Perhaps tokio isn't even necessary, but it could be very useful in some other application that may have the same issue. Additionally, I planned to add framing later, through tokio_util::codec::Framed, and this would require tokio.
Many thanks in advance!
use std::collections::HashMap;
use std::sync::Arc;
//use tokio::sync::RwLock;
use std::sync::RwLock;
type WrappedMap = Arc<RwLock<HashMap<String, String>>>;
async fn afn(map: WrappedMap) {
//let mut s = map.write().await;
let mut s = map.write().unwrap();
s.insert("a".to_string(), "A".to_string());
}
async fn bfn(map: WrappedMap) {
//let mut s = map.write().await;
let mut s = map.write().unwrap();
s.insert("b".to_string(), "B".to_string());
}
#[tokio::main]
async fn main() {
let map = std::collections::HashMap::<String, String>::new();
let st = Arc::new(RwLock::new(map));
println!("000");
// let handle1 = tokio::spawn(afn(st.clone())); // Works!

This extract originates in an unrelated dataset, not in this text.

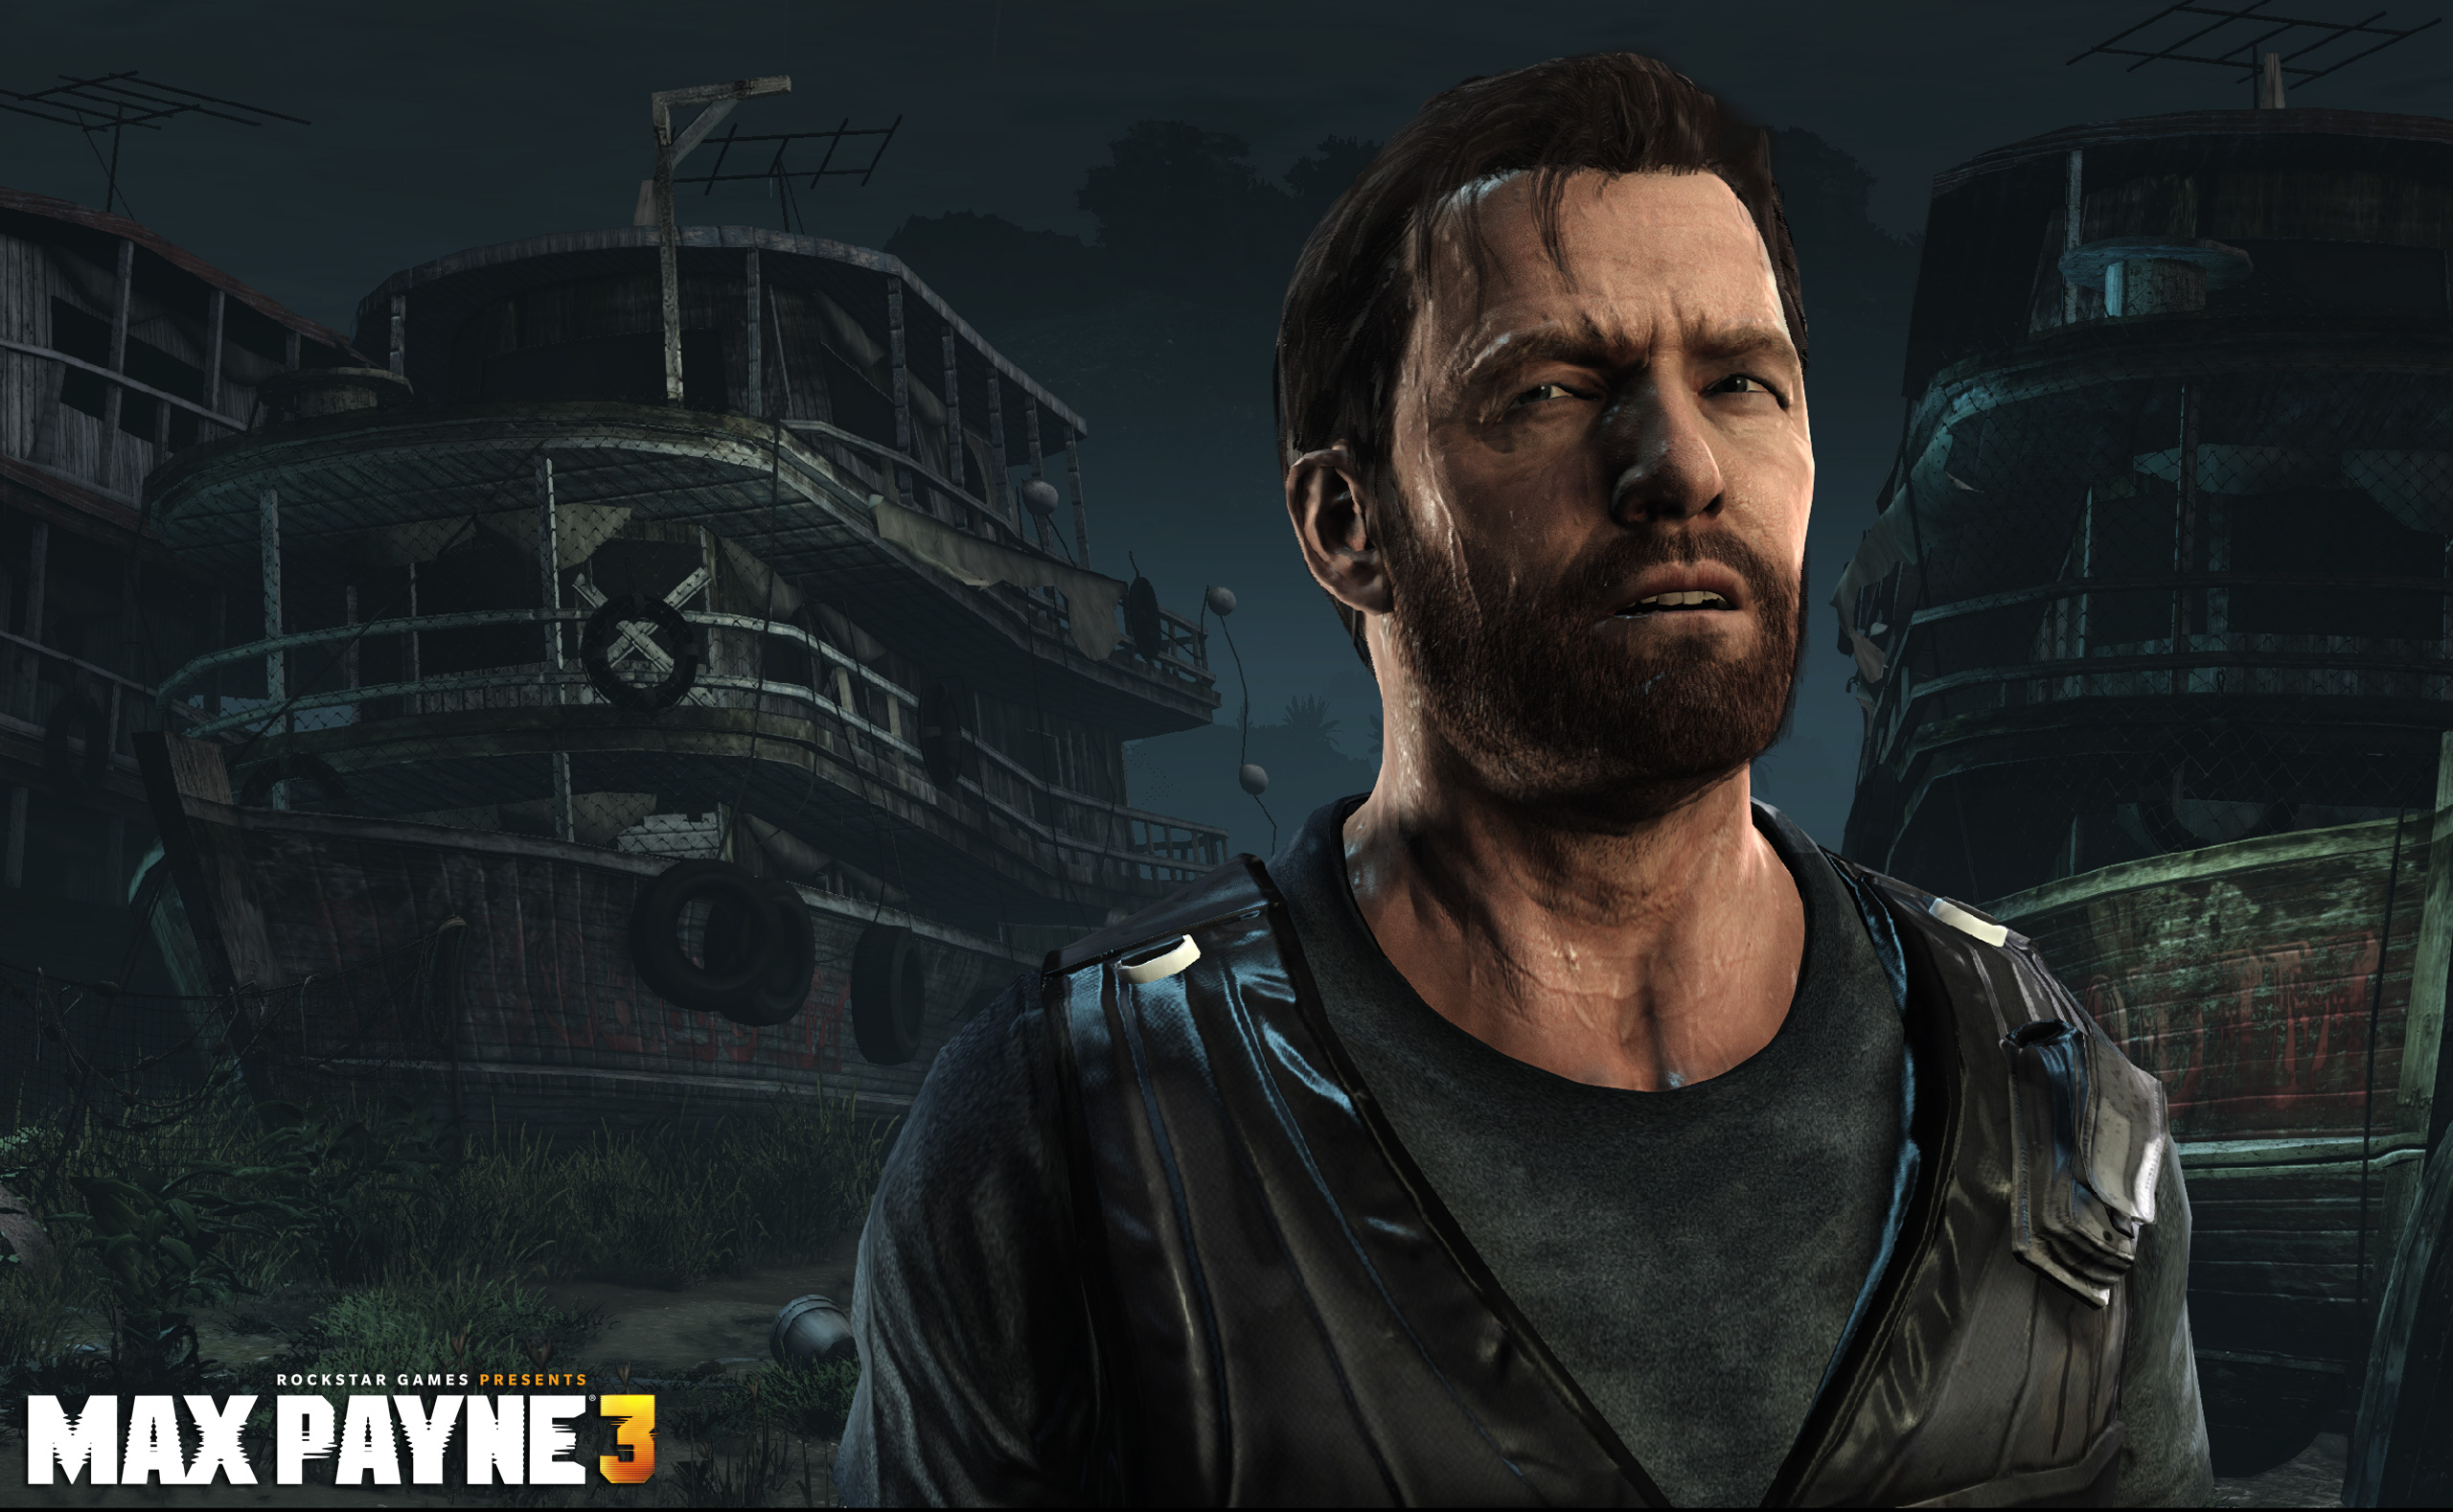 Max Payne 3 Complete Edition Versão Pc Envio Digital

let handle1 = tokio::task::spawn_blocking(move || afn(st.clone())); // PROBLEM! variable moved due to use in closure
println!("111");
println!("222");
let handle2 = tokio::spawn(bfn(st.clone())); // PROBLEM! value borrowed here after move
println!("333");
handle1.await.unwrap();
handle2.await.unwrap();
println!("444");
//let map = st.read().await;
let map = st.read().unwrap();
println!("{:?}", map);
}
you need to make a clone in the parent thread, then move the clone into the closure of the spawned task/thread, but your code moves the Arc into the closure first, then the thread makes a (meaningless) clone once it is scheduled to run:
instead, you should do something like this:
let st2 = st.clone();
let handle1 = tokio::task::spawn_blocking(move || afn(st2));
// alternative method, note the explicit scope
let handle1 = tokio::task::spawn_blocking({
let st = st.clone();
move || afn(st))
});
oppsie, I overlooked the fact the function afn is actually async. spawn_blocking() is just like thread_spawn(), it doesn't spawn the Future as a tokio task, neither does it poll the Future.

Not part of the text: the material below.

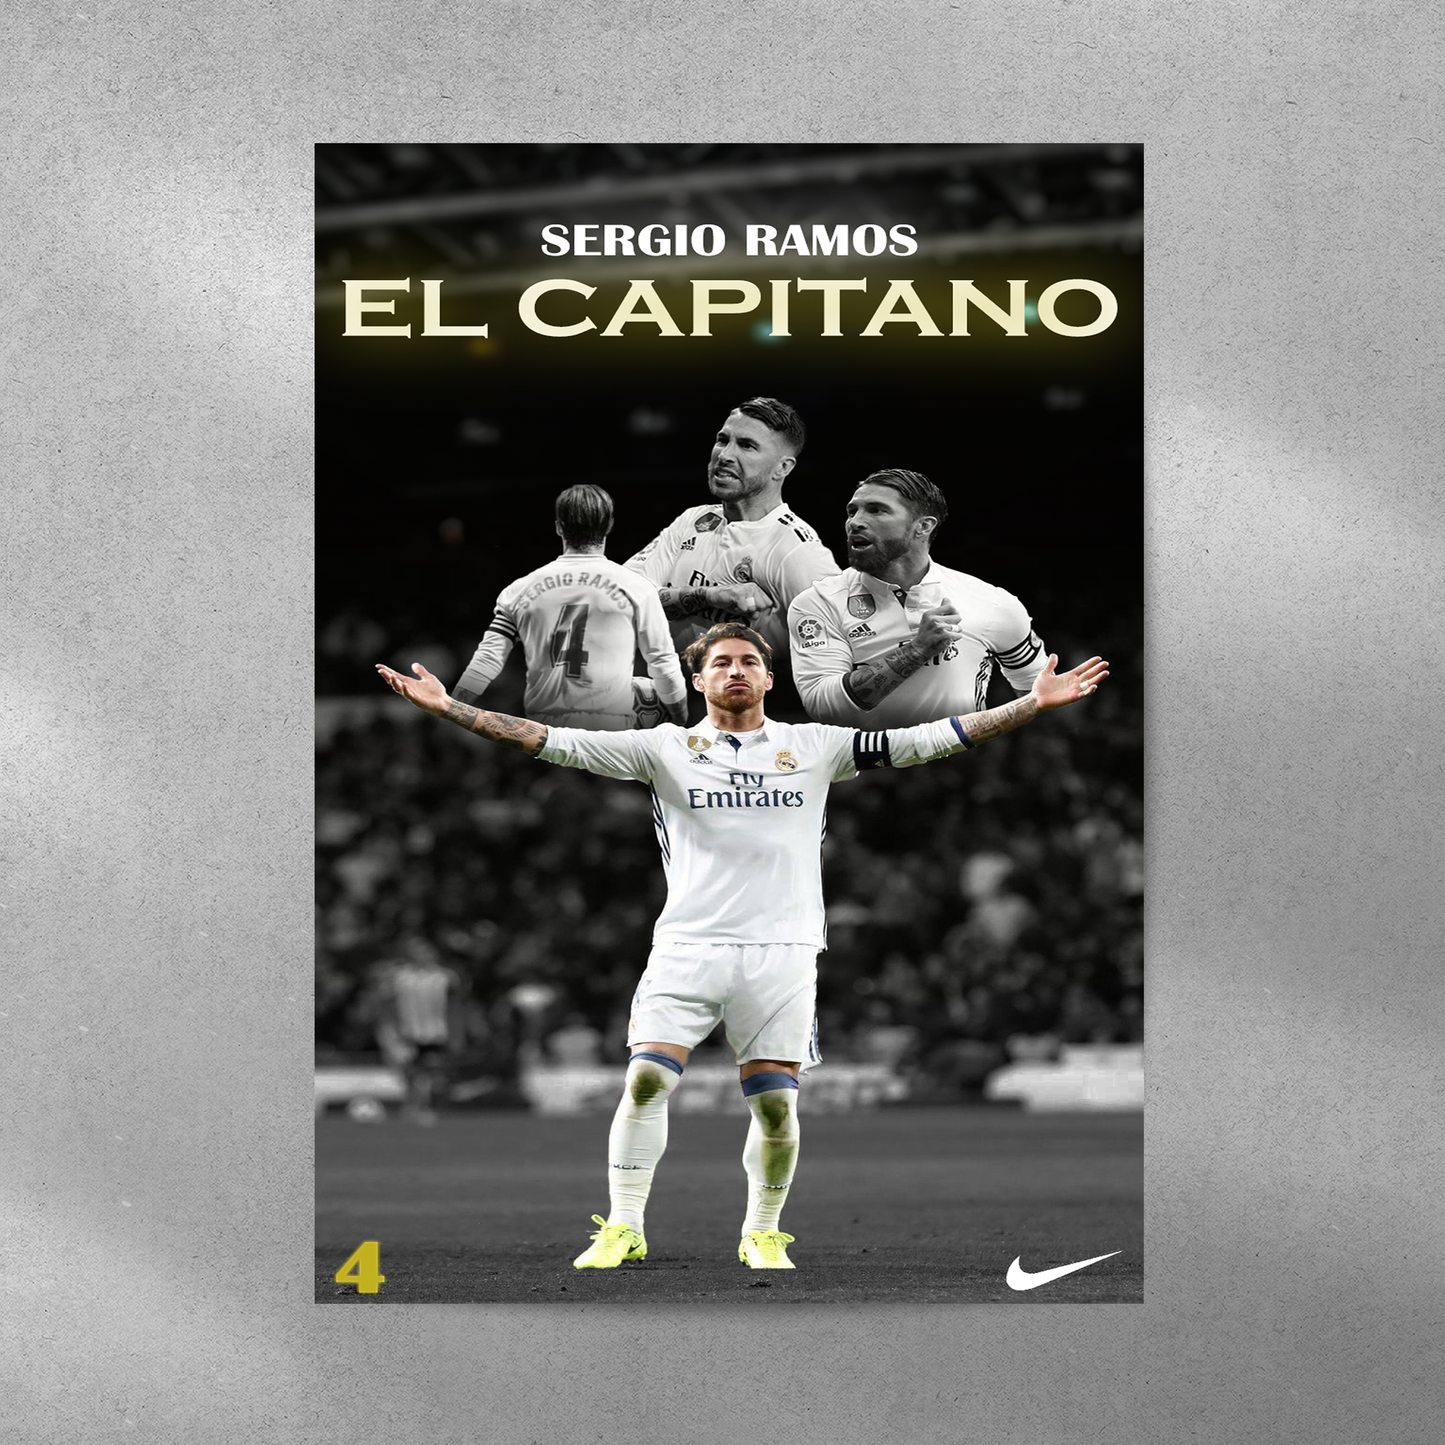 Sergio Ramos: El Capitano

if you need spawn_blocking(), then make the afn() non-async. if you need the async, then just use regular tokio::spawn().

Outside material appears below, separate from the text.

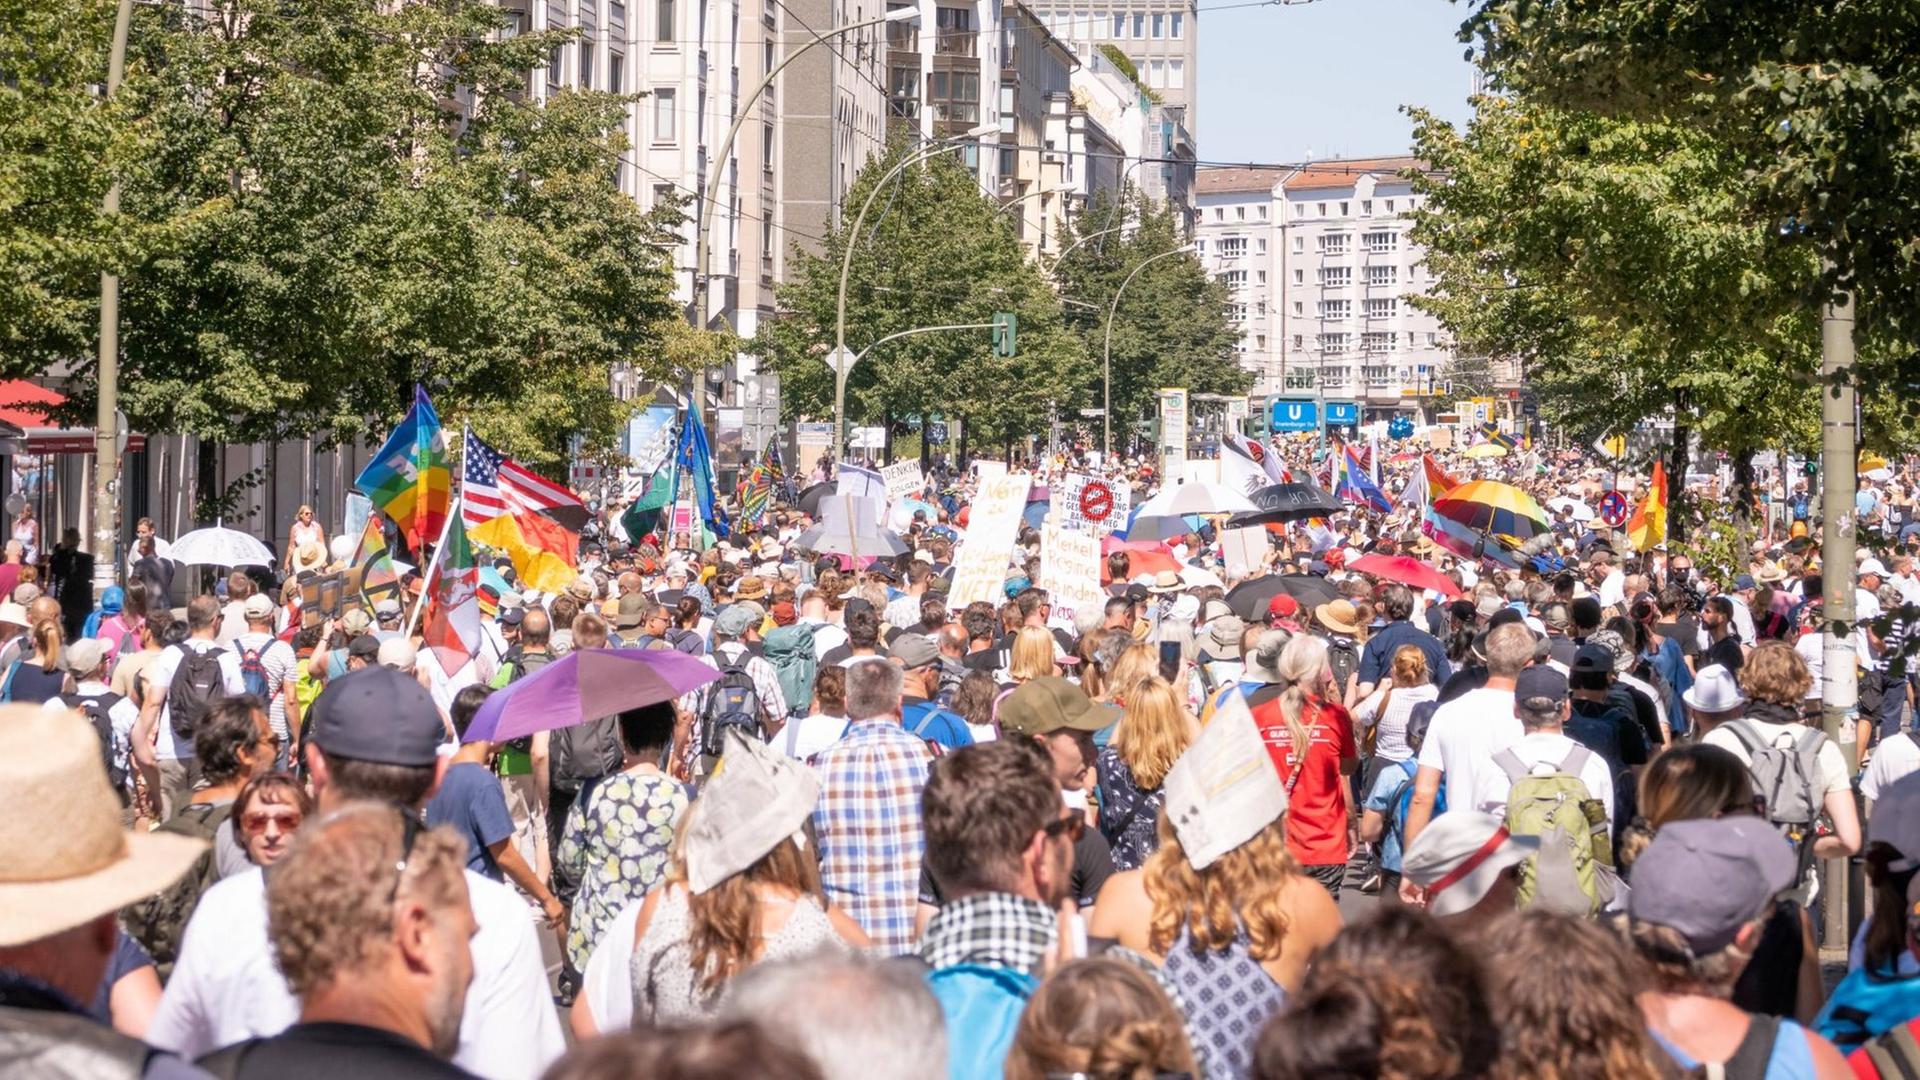 Teilnehmer der Demonstration gegen die Corona-Auflagen am 1.08.2020 in Berlin in der Nähe des U-Bahnhofs Friedrichstraße.

The issue is that you are calling an async function inside the sync function passed to spawn_blocking. You should either make afn a sync function or change the spawn_blocking to a spawn like the one for bfn. Also, always look at your code warnings, they aren't there for nothing! Your (fixed) code results in this warning which correctly hints at the issue:
warning: unused implementer of `Future` that must be used
--> src/main.rs:34:5
|
34 | handle1.await.unwrap();
| ^^^^^^^^^^^^^^^^^^^^^^
|
= note: futures do nothing unless you `.await` or poll them
= note: `#[warn(unused_must_use)]` on by default
I didn't know that would affect the execution; async was there initially because I started with tokio::sync::RwLock which was later replaced with std::sync::RwLock.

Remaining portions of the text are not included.